DATASET EXCERPT =

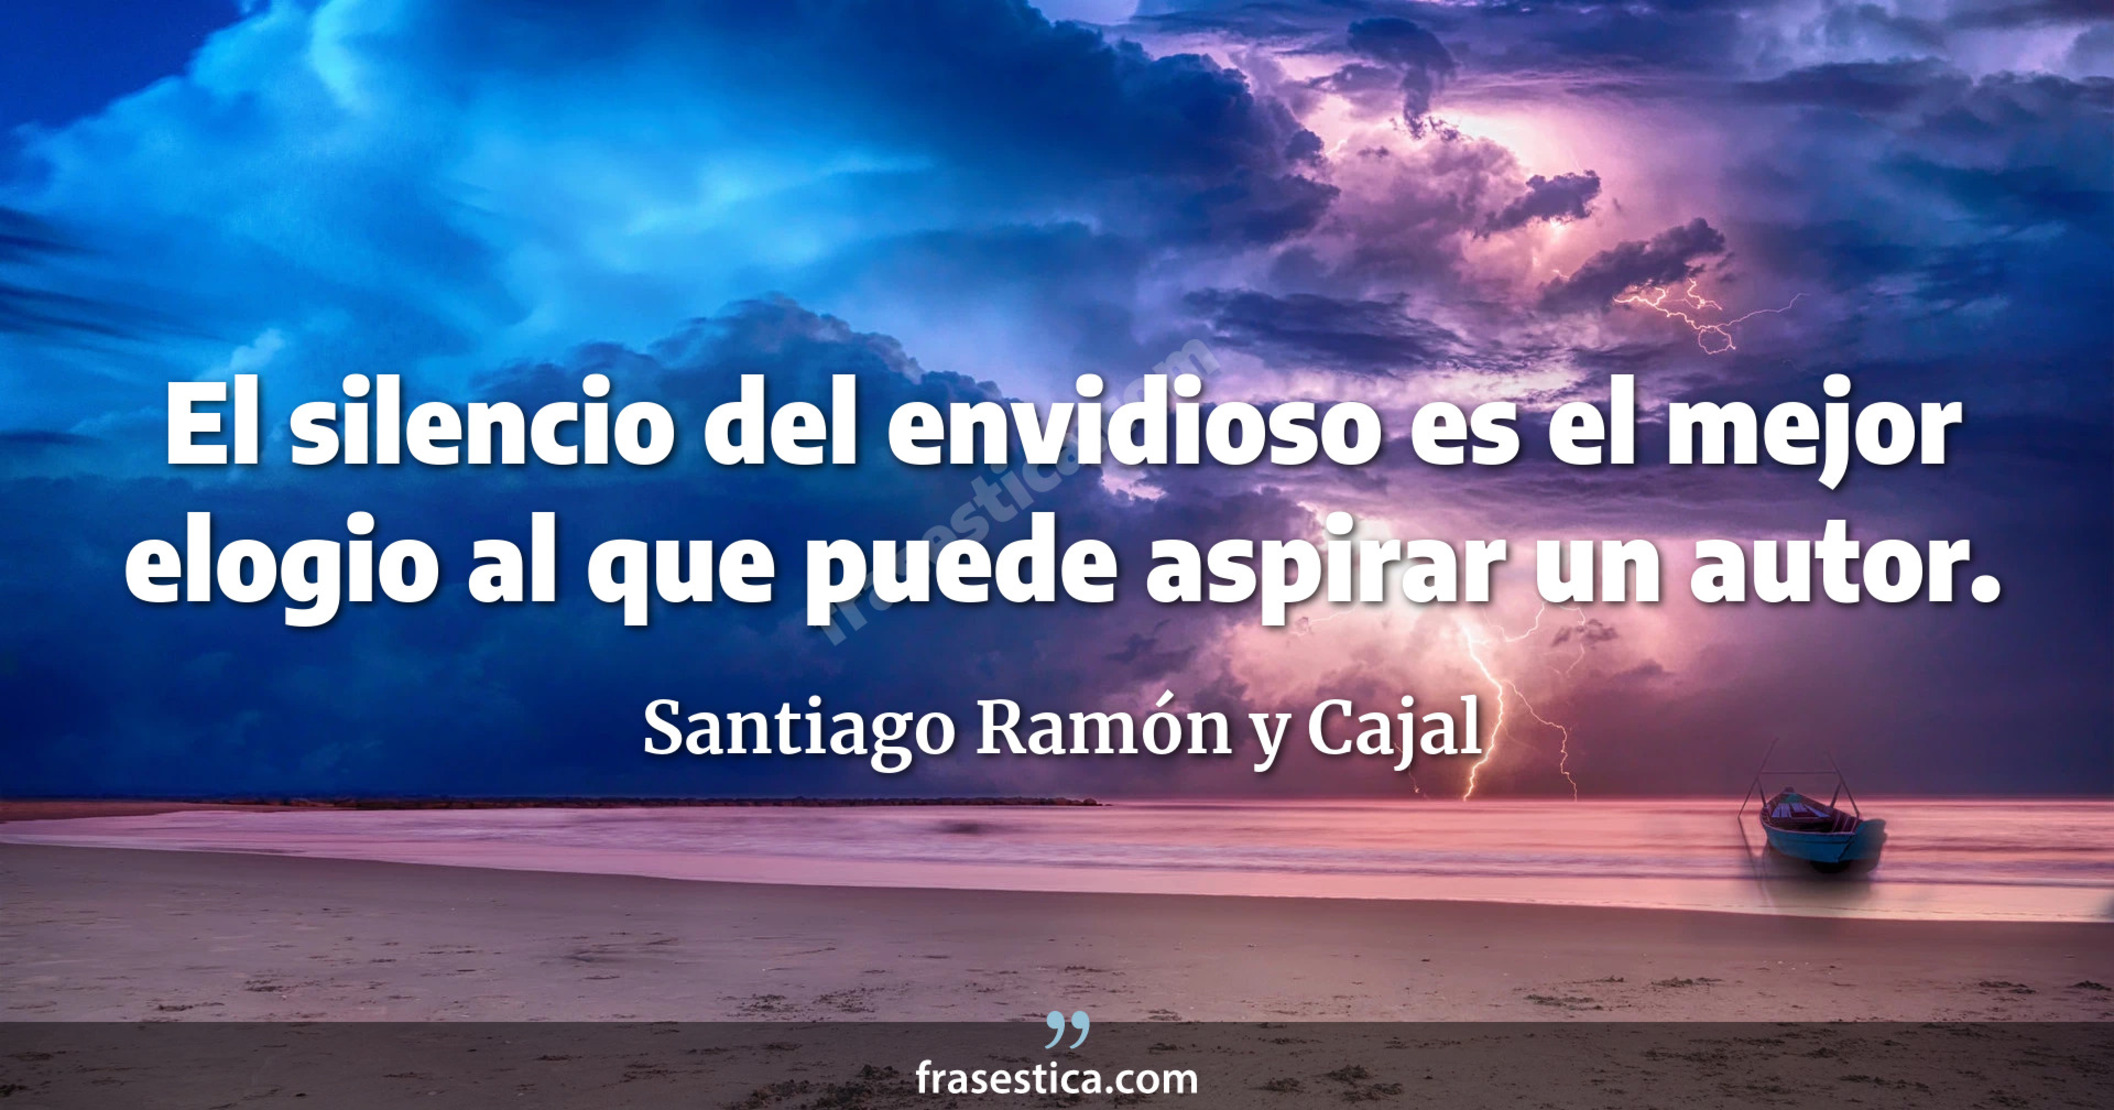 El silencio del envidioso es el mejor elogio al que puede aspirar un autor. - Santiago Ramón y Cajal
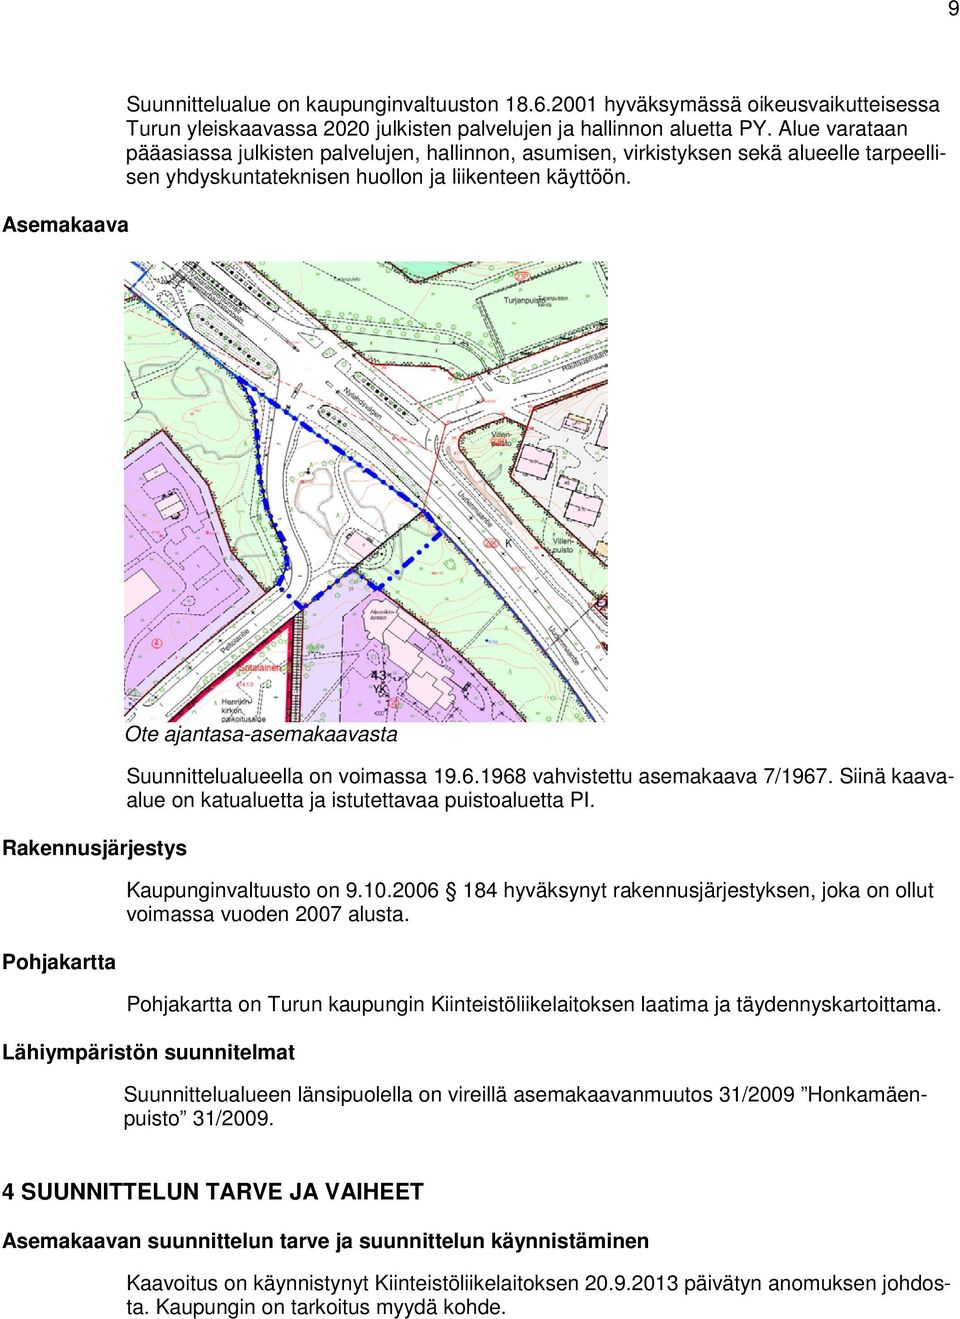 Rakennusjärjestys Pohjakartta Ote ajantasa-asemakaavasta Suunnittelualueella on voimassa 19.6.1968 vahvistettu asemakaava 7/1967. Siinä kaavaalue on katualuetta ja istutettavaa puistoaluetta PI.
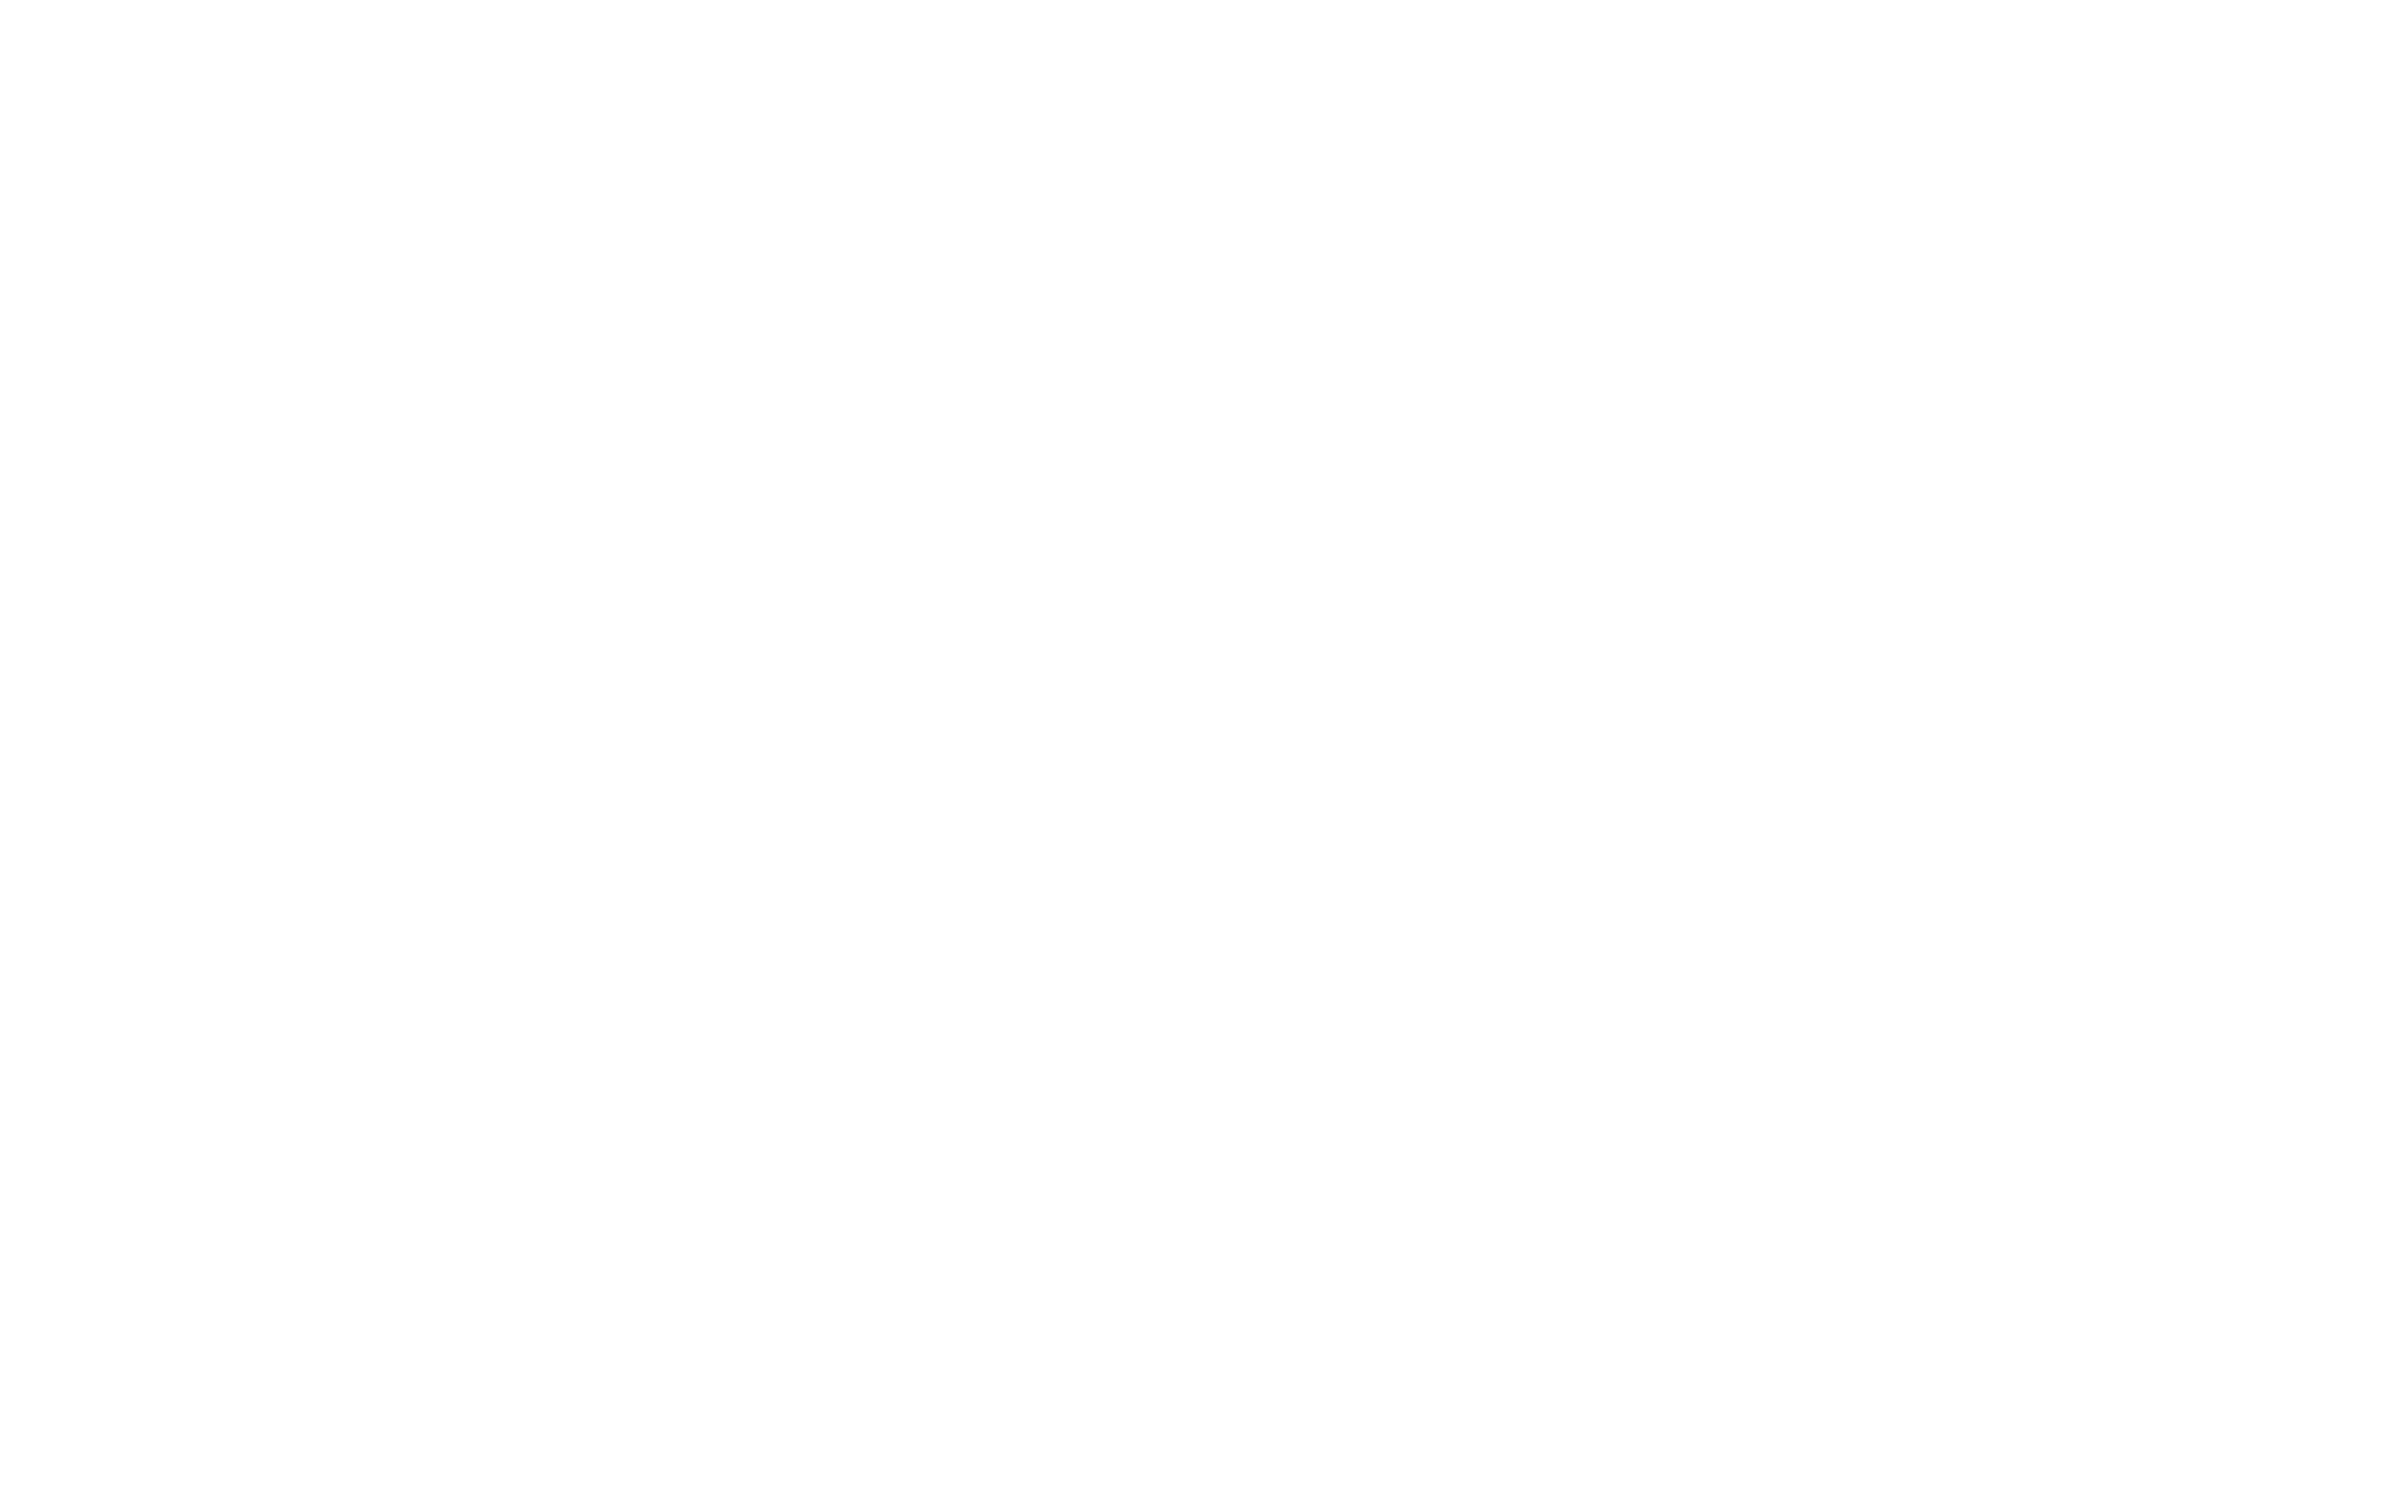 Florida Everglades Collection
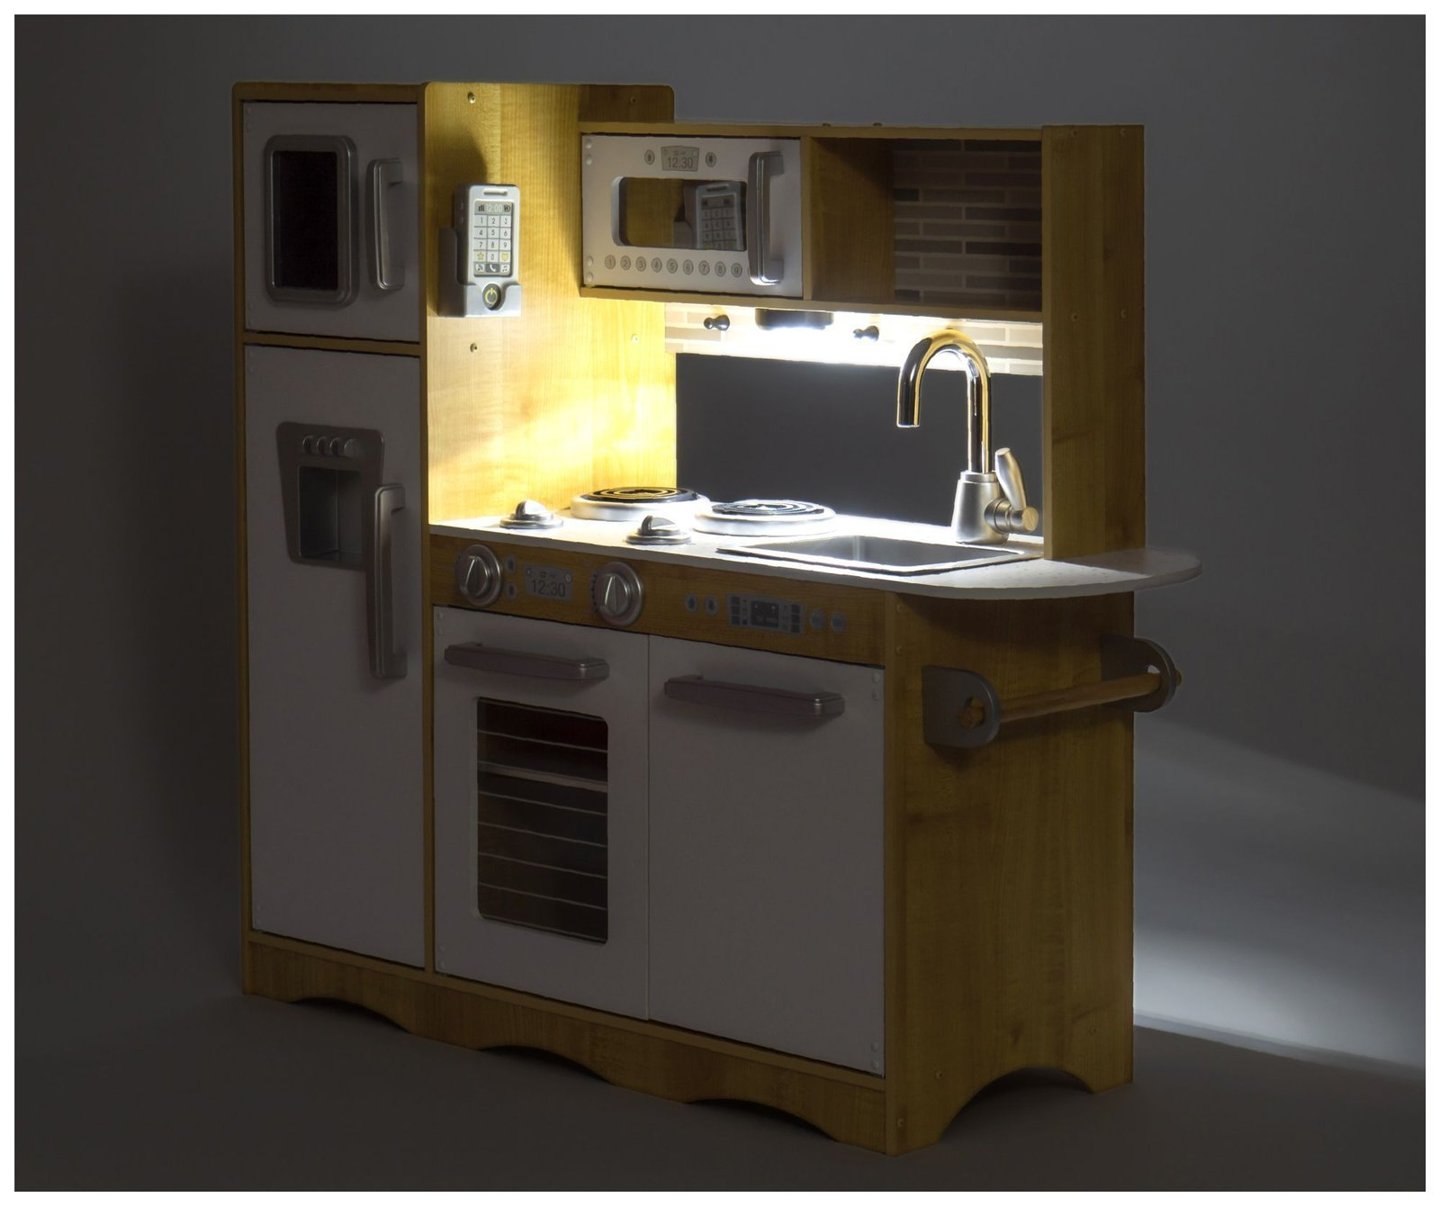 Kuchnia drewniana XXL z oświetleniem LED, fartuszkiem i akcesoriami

WORK TASK = Where the line containing "Florida Everglades Collection" appears, begin writing out the lines exactly, and continue through the end of the material above, omitting pictures.

RESPONSE TO THIS EXERCISE =
 Florida Everglades Collection
 Kuchnia drewniana XXL z oświetleniem LED, fartuszkiem i akcesoriami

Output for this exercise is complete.